Tools that help the workflow
You can run this entire process with a spreadsheet, two saved-template versions, and your sending tool's existing segmentation. No special software required. But there are two specific tools worth knowing about:
For technical deliverability checks before sending the test (so a domain reputation issue does not confound the result), MXToolbox and Spamhaus are the standard free tools. Run your sending domain through both before any volume test.
For scoring each subject line variant against known cold-email patterns before you send them, the Cold Email & Outreach Scorer at EvvyTools rates a subject and body across seven dimensions and points at the lines that are likely to fail. Useful as a pre-test filter: if both variants score below 60, the test is going to be a comparison of two losers, and you might want to write a third candidate first.
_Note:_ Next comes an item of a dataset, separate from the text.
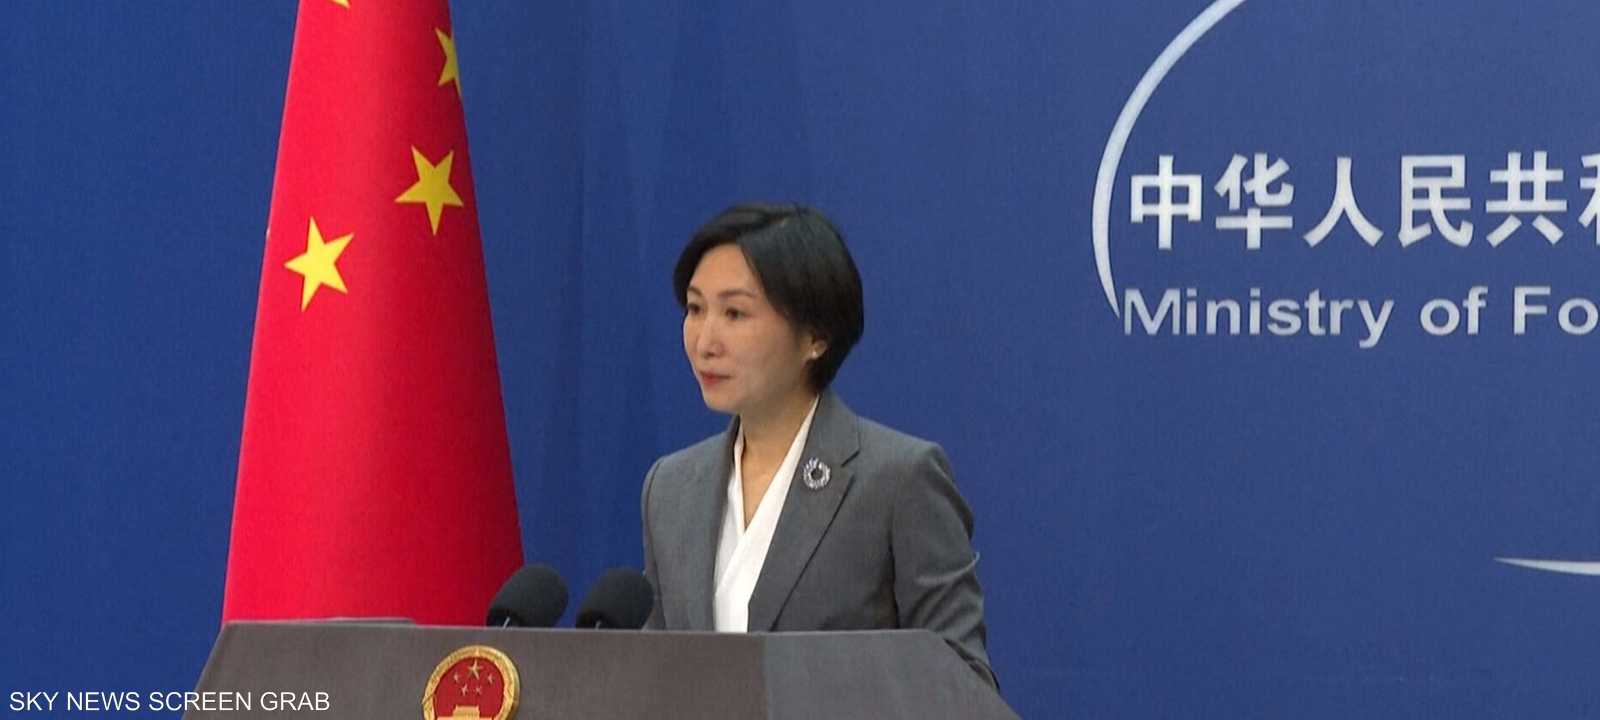 المتحدثة باسم وزارة الخارجية، ماو نينغ

For a longer read on what those seven dimensions are, the guide How to Diagnose a Failing Cold Email Before You Hit Send walks through all of them. Other writing utilities live in the EvvyTools tools directory.
What not to test
A few things that look like A/B test material but produce noisy or useless data:
- Sender name capitalization (one capital, all lowercase, etc.). The effect size is too small for any reasonable sample to detect.
- Emoji versus no emoji. The effect is so different across audiences that one test result does not generalize.
- Subject line punctuation. Same problem; effect size is too small.
Save the test budget for changes that actually move the number: subject line structure, opener pattern, CTA specificity, value-prop framing. Those are where the wins live.
Run small tests often
The senders who improve their open rate continuously are not the ones who run one big test a year. They run a small test every two weeks, on a hundred-recipient slice, with one variable changed, and they ship the winner to the next batch.
The math compounds. A small, real improvement every two weeks, sustained for a year, is the difference between a campaign that earns the open and one that goes to the trash. Most senders never set up the discipline. The ones who do separate themselves quickly.
Build the test loop once. Run it forever. The numbers move.